Background
Sheila Lugg was born in Mullion, Cornwall in 1934.
Sheila Lugg was born in Mullion, Cornwall in 1934.
She attended Truro Girls School and studied piano, violin and trombone at the Royal Academy of Music, then was a member of the Ivy Benson All Girls Band between 1956 and 1958.
She began her career as a trombone player during the 1950s in all-female bands. Subsequently, she formed a vocal/trombone duo, The Tracy Sisters, who appeared in variety, on radio and television, as well as in cabaret all over the world. When the act broke up, she joined British Broadcasting Corporation Television as an announcer and worked mostly in television until 1974 when she became the first female newsreader on British Broadcasting Corporation Radio 4"s on 16 July.

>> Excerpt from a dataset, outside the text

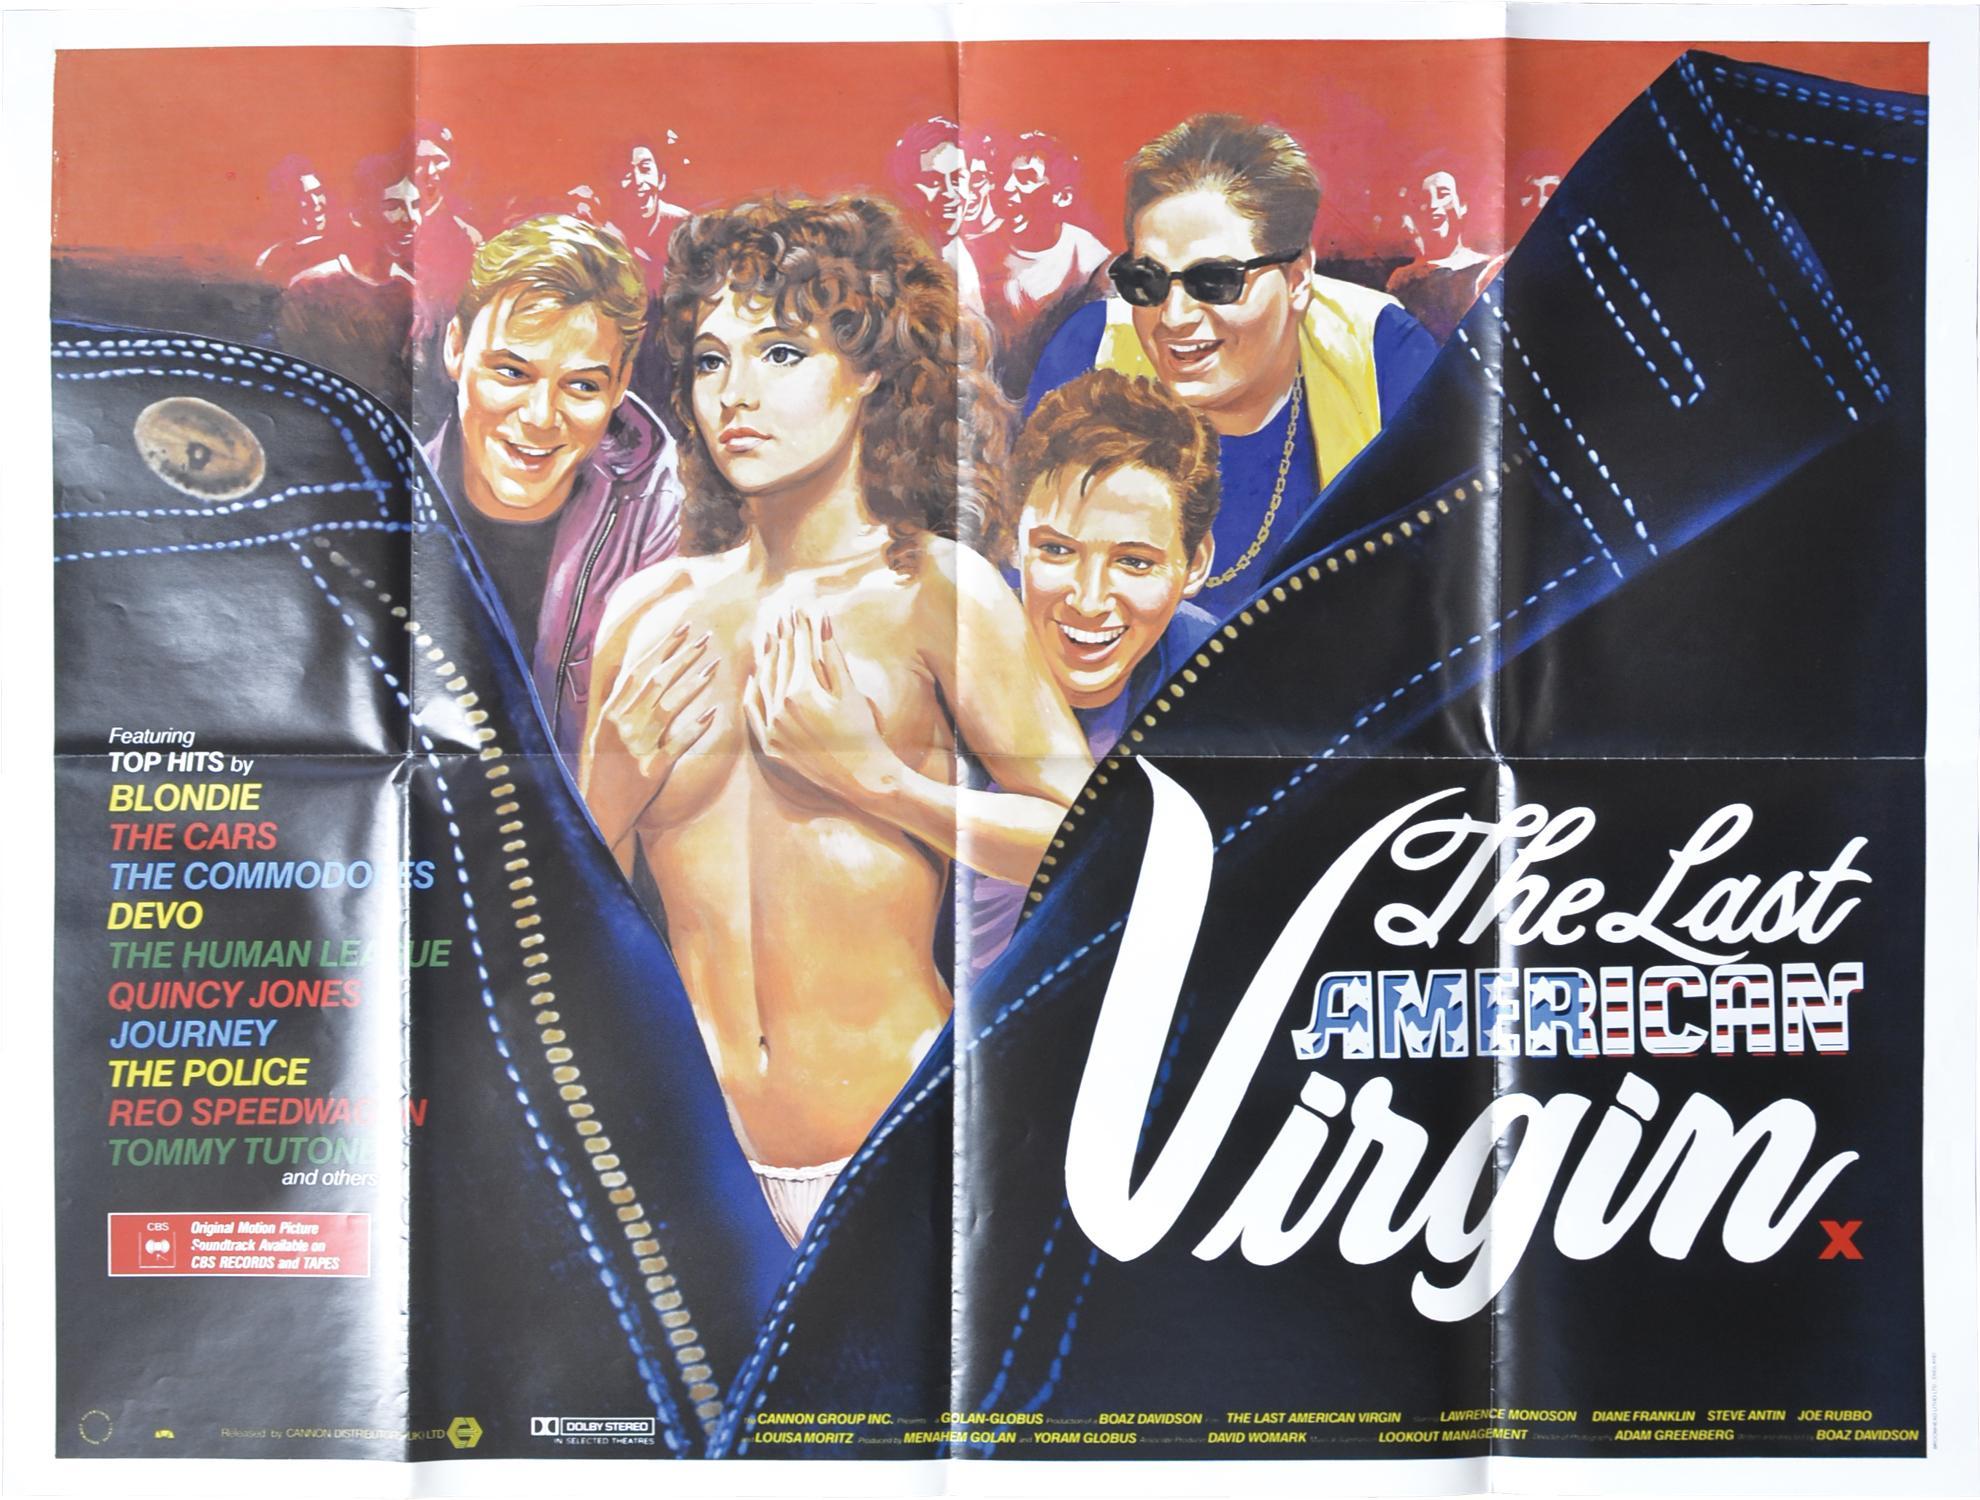 The Last American Virgin (Original British poster for the 1982 film) Davidson, Boaz (director, screenwriter); Lawrence Monoson, Diane Franklin, Steve

She also qualified as a Special Policewoman in London.
On British Broadcasting Corporation Radio 2 Tracy devised and presented the Truckers" Hour, based on a format she had learnt about on a visit to the United States of America. She introduced Big Band Special featuring performances by the British Broadcasting Corporation Big Band. She would sometimes join the trombone section of the band in non-broadcast concerts.
She was also a regular contributor to Radio 4"s Breakaway. While on Saga Radio, Tracy presented a big band show called Swing Time with Sheila Tracy, a programme which was syndicated across the Saga network.
Two of the books she wrote are Bands, Booze & Broads (1995), a collection of her interviews with the American sidemen who played with the top bands in the 1930s, 1940s and 1950s.
And Talking Swing (1997), on British musicians of the same era. She was a popular lecturer on P&O cruises. She wrote two other reference works.
In 1997, she was made a Freeman of the City of London and an Associate of the Royal Academy of Music.
She is a former President of The British Trombone Society. The couple had one child, born in 1965.
Sheila Tracy died at the age of 80, on 30 September 2014, at the Princess Alice Hospice in Esher, Surrey.